** AVAILABLE DATA follows **

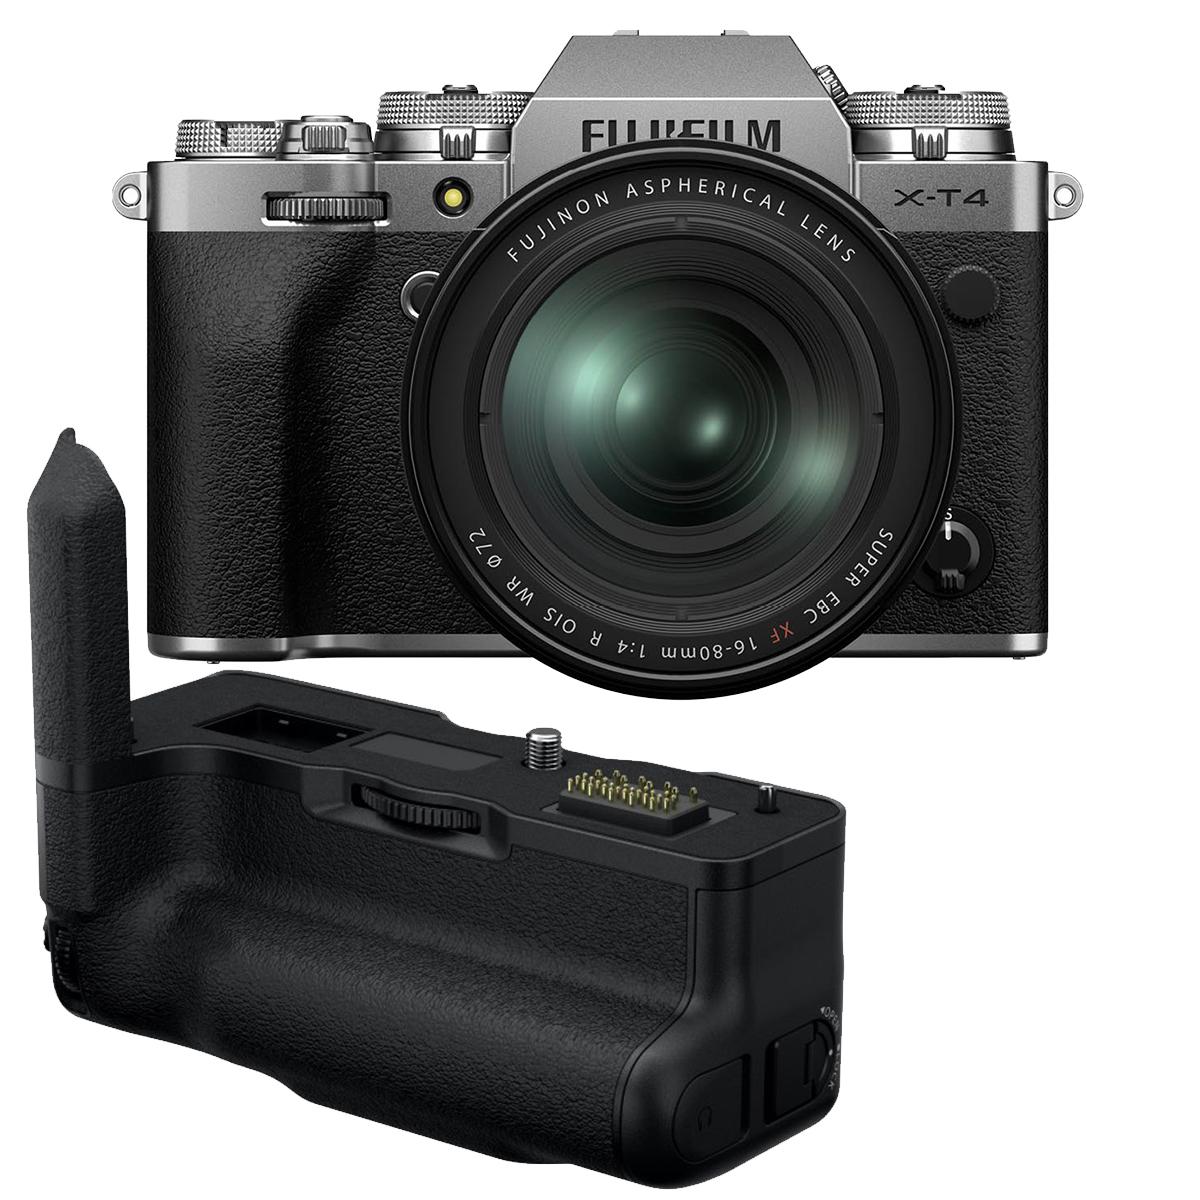 Fujifilm X-T4 Kit mit 16-80 mm + VG-XT4 Handgriff silber
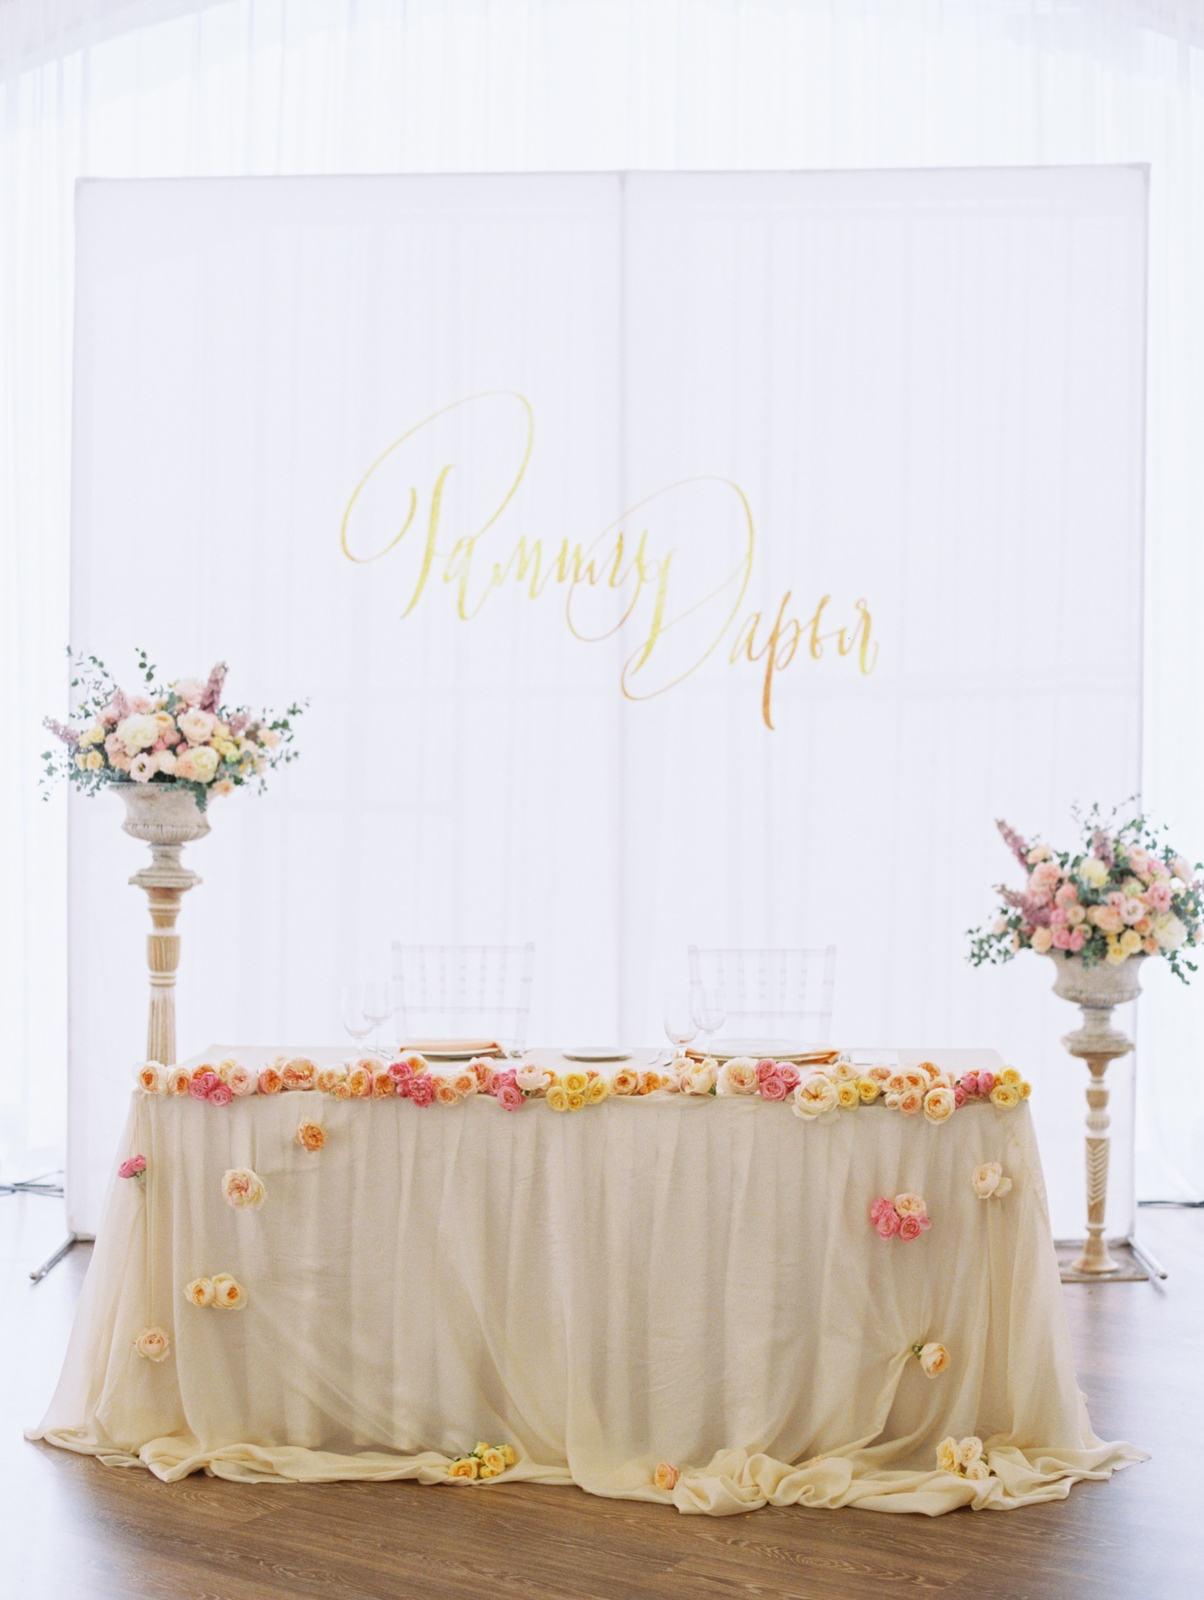 Бюджет на свадебный декор: 3 варианта с примерами от студии Sweet William
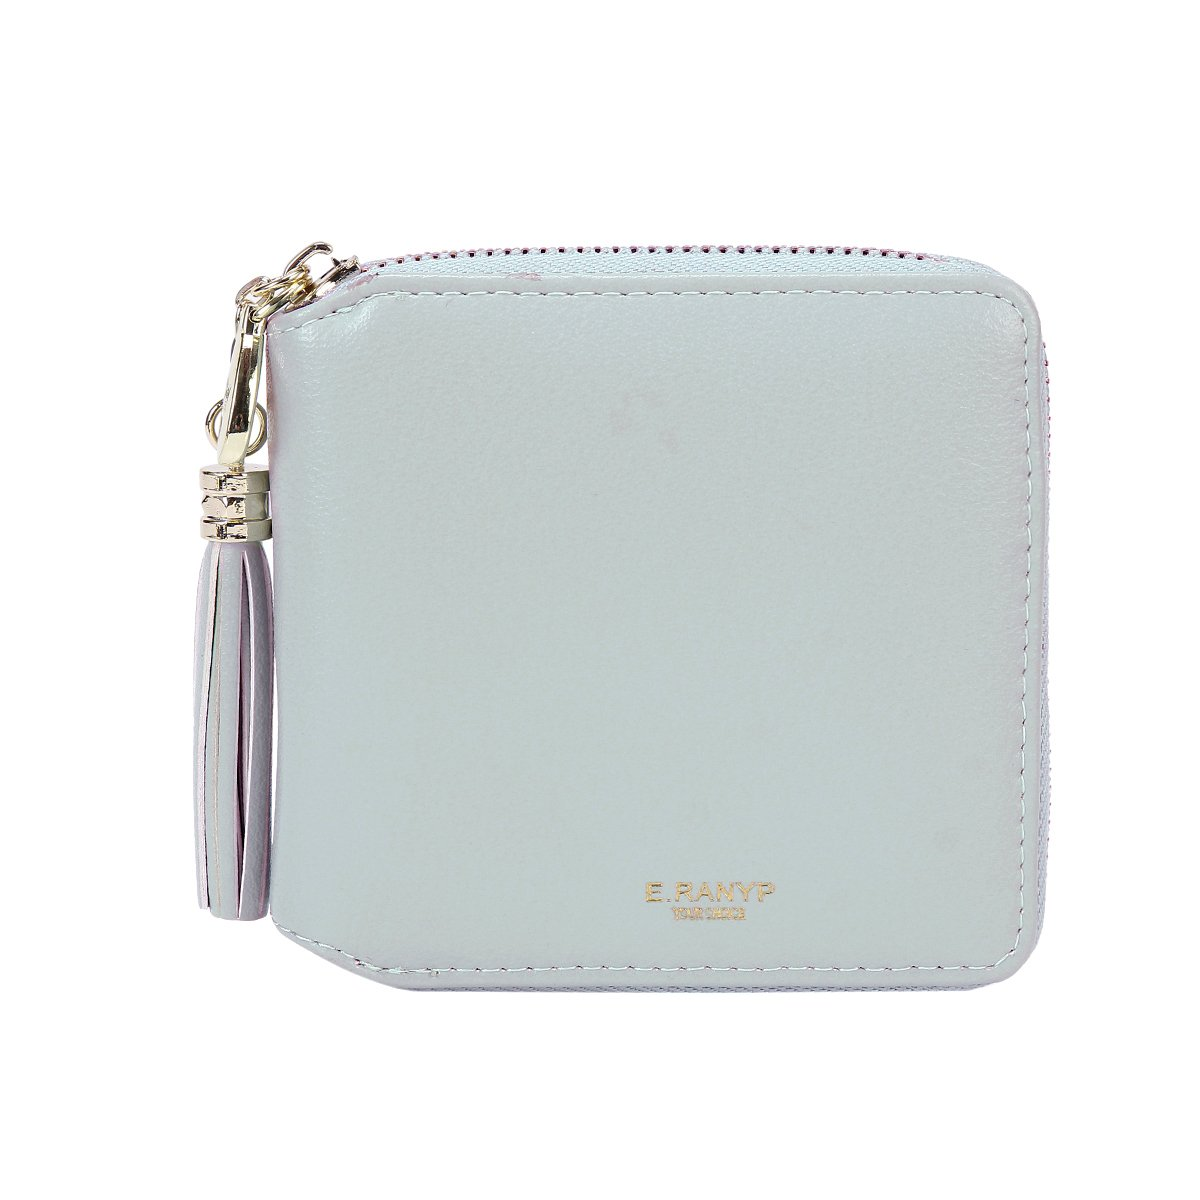 Damara Womens Practical Tassel Zipper Mini Coin Case Wallet,Light Blue

** End of AVAILABLE DATA **

Nothing but the lines from the one containing "Бюджет на свадебный" through the end of the listing should be printed, each exactly as it appears and without pictures.

→ EXERCISE RESULT:
 Бюджет на свадебный декор: 3 варианта с примерами от студии Sweet William
 Damara Womens Practical Tassel Zipper Mini Coin Case Wallet,Light Blue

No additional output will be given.